Railway station in Changsha, China

Changsha railway station (长沙站 (長沙站, Chángshā zhàn)) is a railway station and a metro station on the Beijing–Guangzhou railway and the Changsha–Zhuzhou–Xiangtan intercity railway. The station is located in Furong District, Changsha, Hunan, China. The station is served by Changsha Metro Line 2 and Line 3.

==History==
The station opened in 1911. By 1947, the station had been refurbished twice due to the Chinese Civil War.

In 1967, a new passenger rail station, Changshaxin station, was constructed along the Beijing–Guangzhou line in order to relieve congestion at Changsha station. However, the traffic capacity of the station is still insufficient to meet the demand at the original Changsha station.

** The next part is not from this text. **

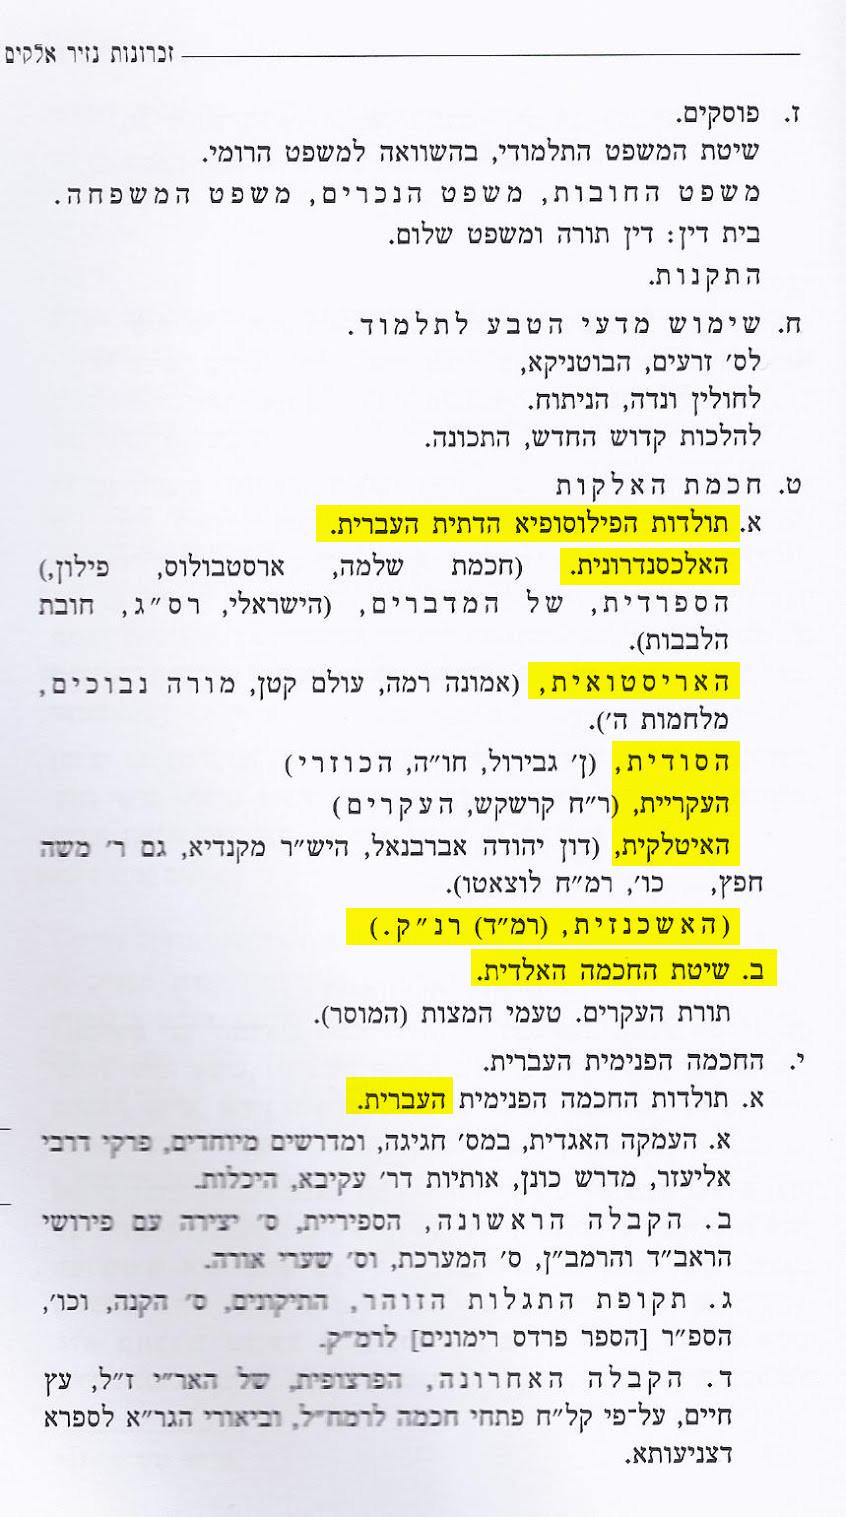 אם לפי הנזיר והאישור של קוק, אפשר לקרוא לחכמי ישראל פילוסופים אזי שזוהי תפיסת עולם מתיוונת
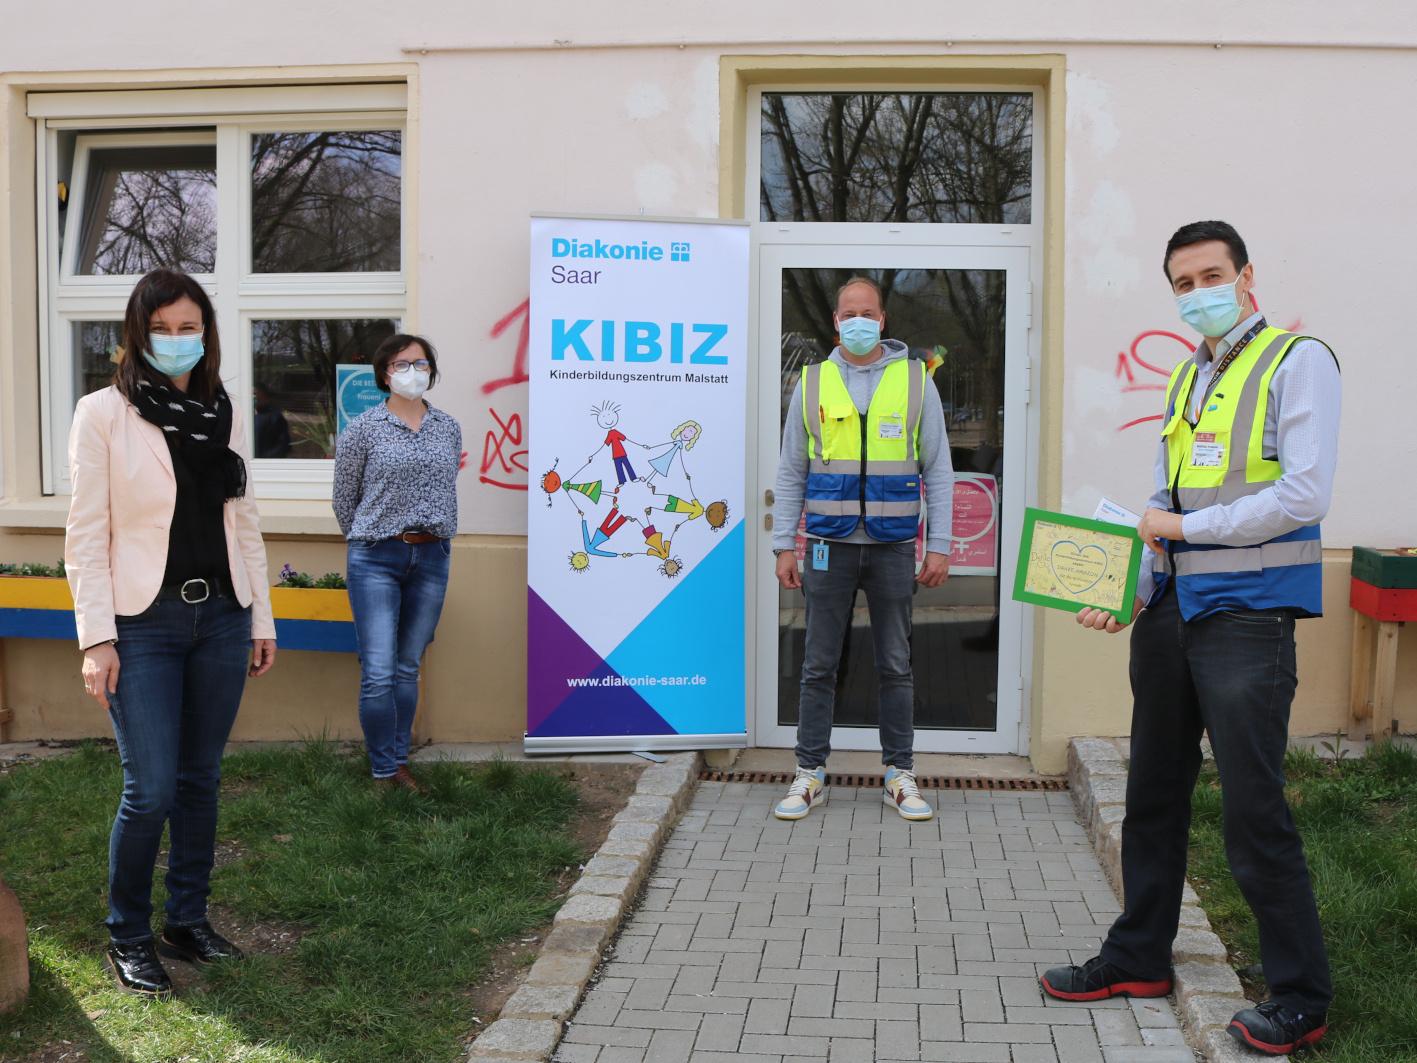 Bereichsleiterin Claudia Rebmann (l.) und KIBIZ-Mitarbeiterin Anna Witkowska (beide Diakonie Saar) stellten Amazon-Standortleiter  Sebastian Faethe (Mitte) und Matthias Krämer die Arbeit des KIBIZ vor

As a result, the Ministry of Railways and Guangzhou Railway Administration decided that a new station building is to be built west of Changshaxin station. Construction for the new station began in 1975 and it opened on 30 June 1977, with the former station being demolished.

==Services==
===China Railway===

Changsha railway station is a railway station in Furong District, Changsha, Hunan, China, operated by CR Guangzhou Group. It opened its services on 1912.

===Changsha Metro===

Railway Station is a metro station in Furong District, Changsha, Hunan, China, operated by the Changsha subway operator Changsha Metro. It opened its services on 29 April 2014. It is served by Line 2 and Line 3.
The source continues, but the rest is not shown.